In Francia il dibattito si sta concentrando sul diritto d'autore. Motivo: l'introduzione di una nuova legge che esegua il dettato dell'Unione Europea. Ne parla Loic Le Meur.
Ma il dibattito è colto. Riprende quello che si era svolto nel Settecento.
Condorcet si chiedeva: «Chi può prentendere di appropriarsi delle idee che sono utili al progresso dell'umanità»? Diderot e Beaumarchais sostenevano invece che gli autori potevano reclamare a buon diritto la proprietà della loro opera. La Rivoluzione Francese riconobbe la proprietà intellettuale, aprendo la strada alla nascita della legislazione che vale tutt'ora.
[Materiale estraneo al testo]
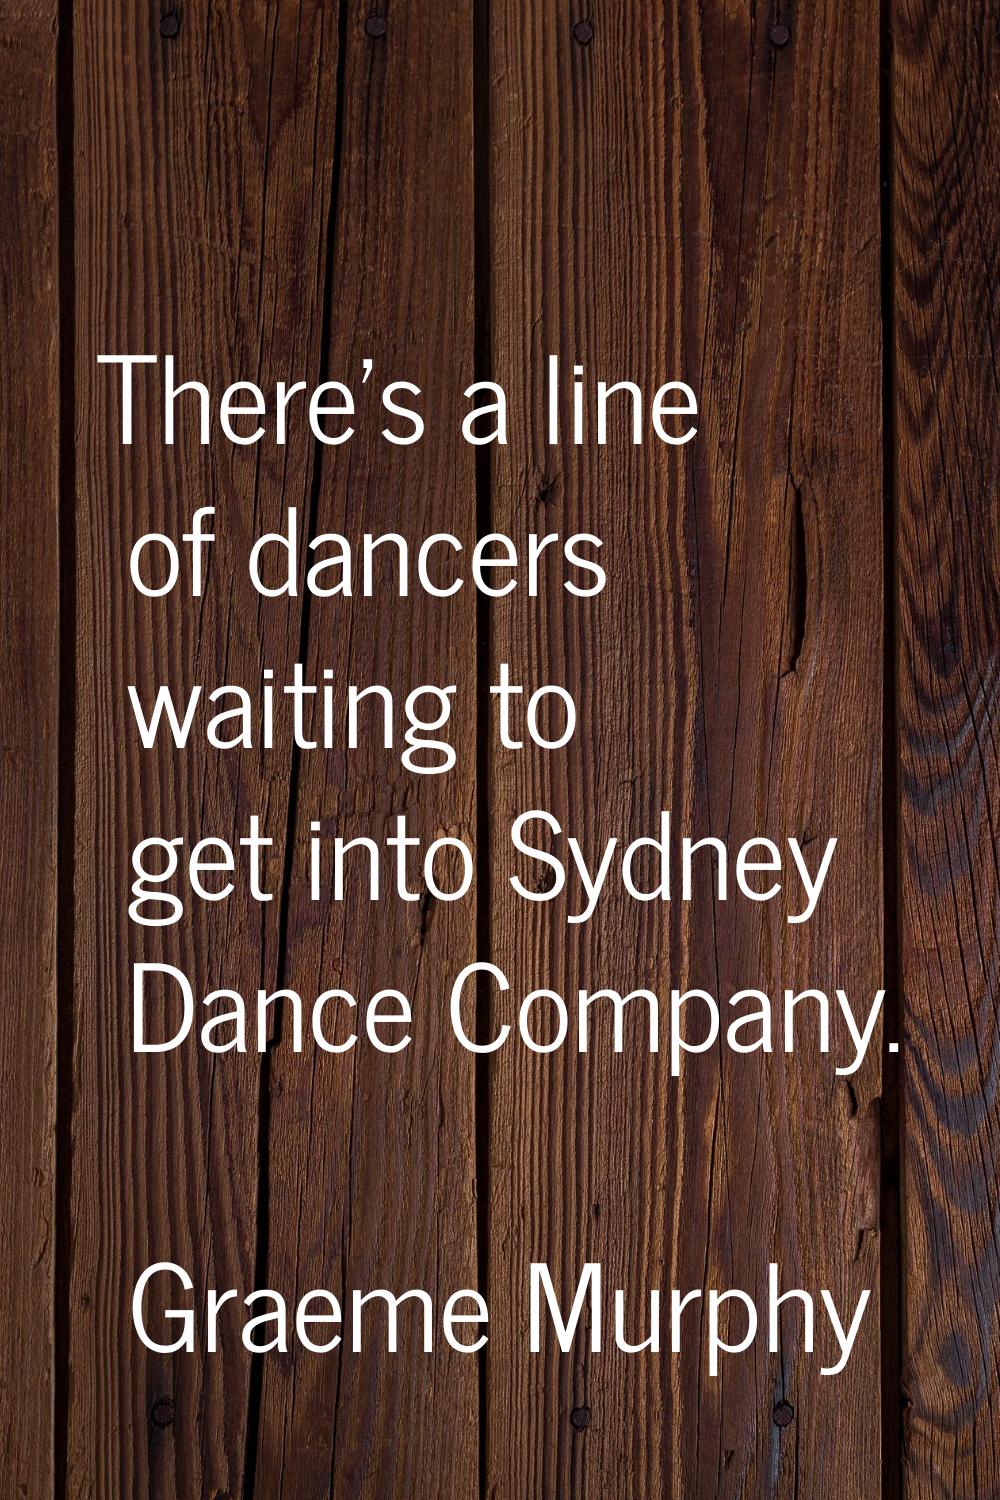 There's a line of dancers waiting to get into Sydney Dance Company.
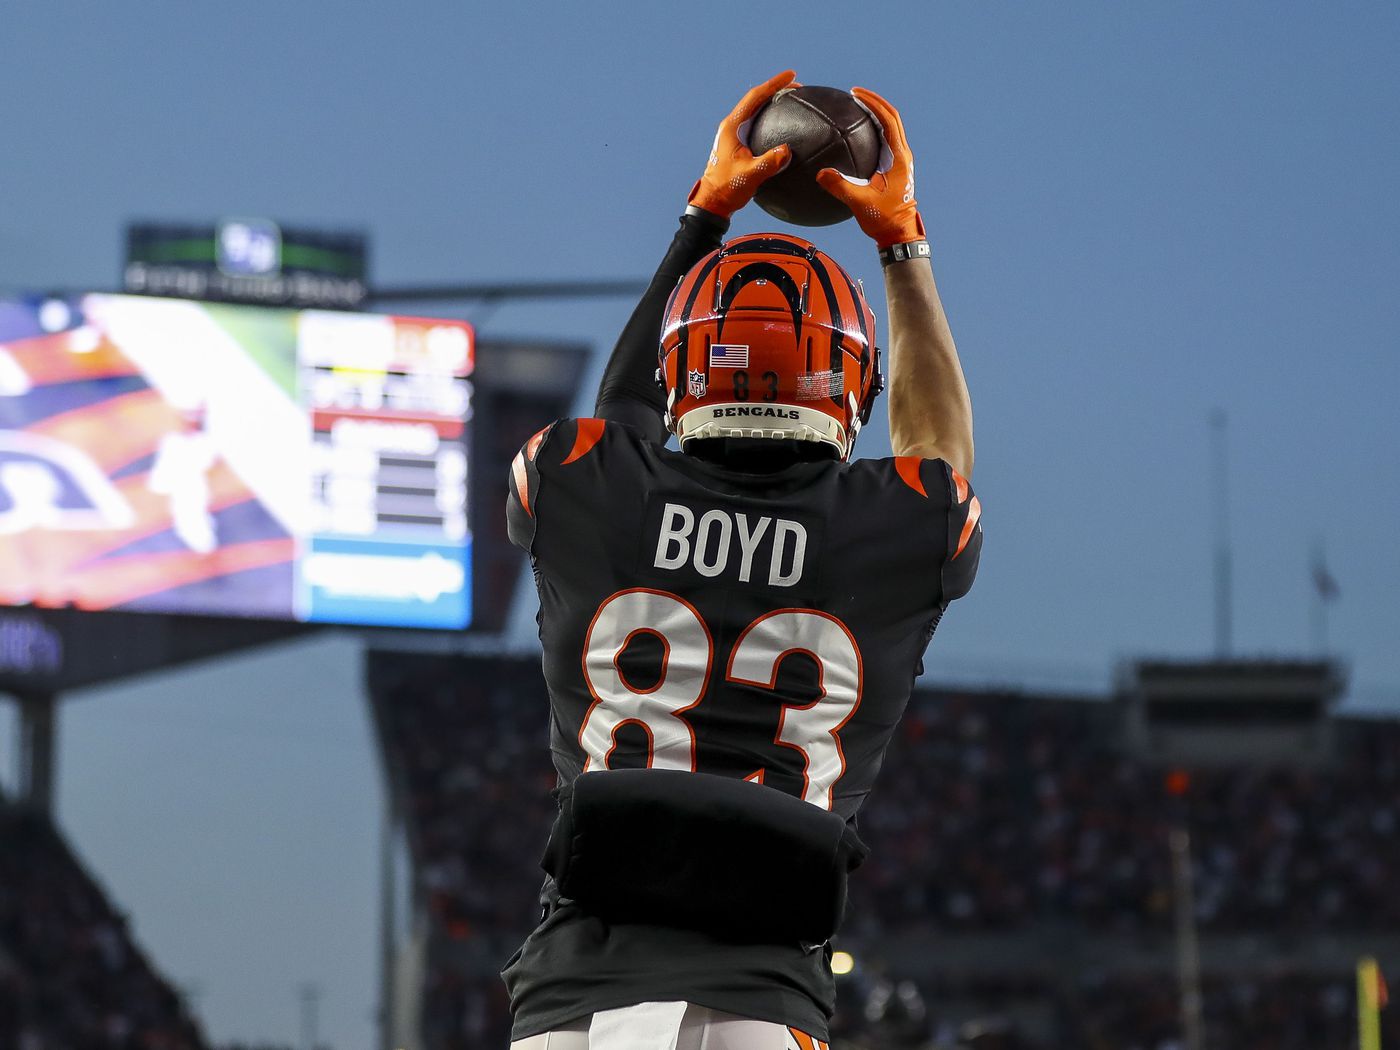   Tyler Boyds NFL Free Agency Saga: A Strategic Play for His Next Move

Nel diritto d'autore c'è una rottura storica. Prima gli autori vivevano di sostegno pubblico, commesse e mecenatismo. Poi si mettono in proprio, diventando di fatto imprenditori di se stessi. Difficile dare torto a Condorcet: è sbagliato impedire la diffusione delle idee. Ma questo non implica che a fronte di quella diffusione ci sia anche una remunerazione per i creatori di quelle idee.
Il problema nasce quando tra gli autori e il pubblico si accresce - a dismisura - il potere degli intermediari. Gli editori prendono possesso dei canali di relazione tra il pubblico e gli autori e fanno pagare un pedaggio a fronte della loro attività di selezione, impacchettamento, distribuzione dei contenuti. Ma diventano in questo modo i veri proprietari di ciò che conta nella diffusione delle idee. Condorcet non doveva prendersela con gli autori, ma con gli editori...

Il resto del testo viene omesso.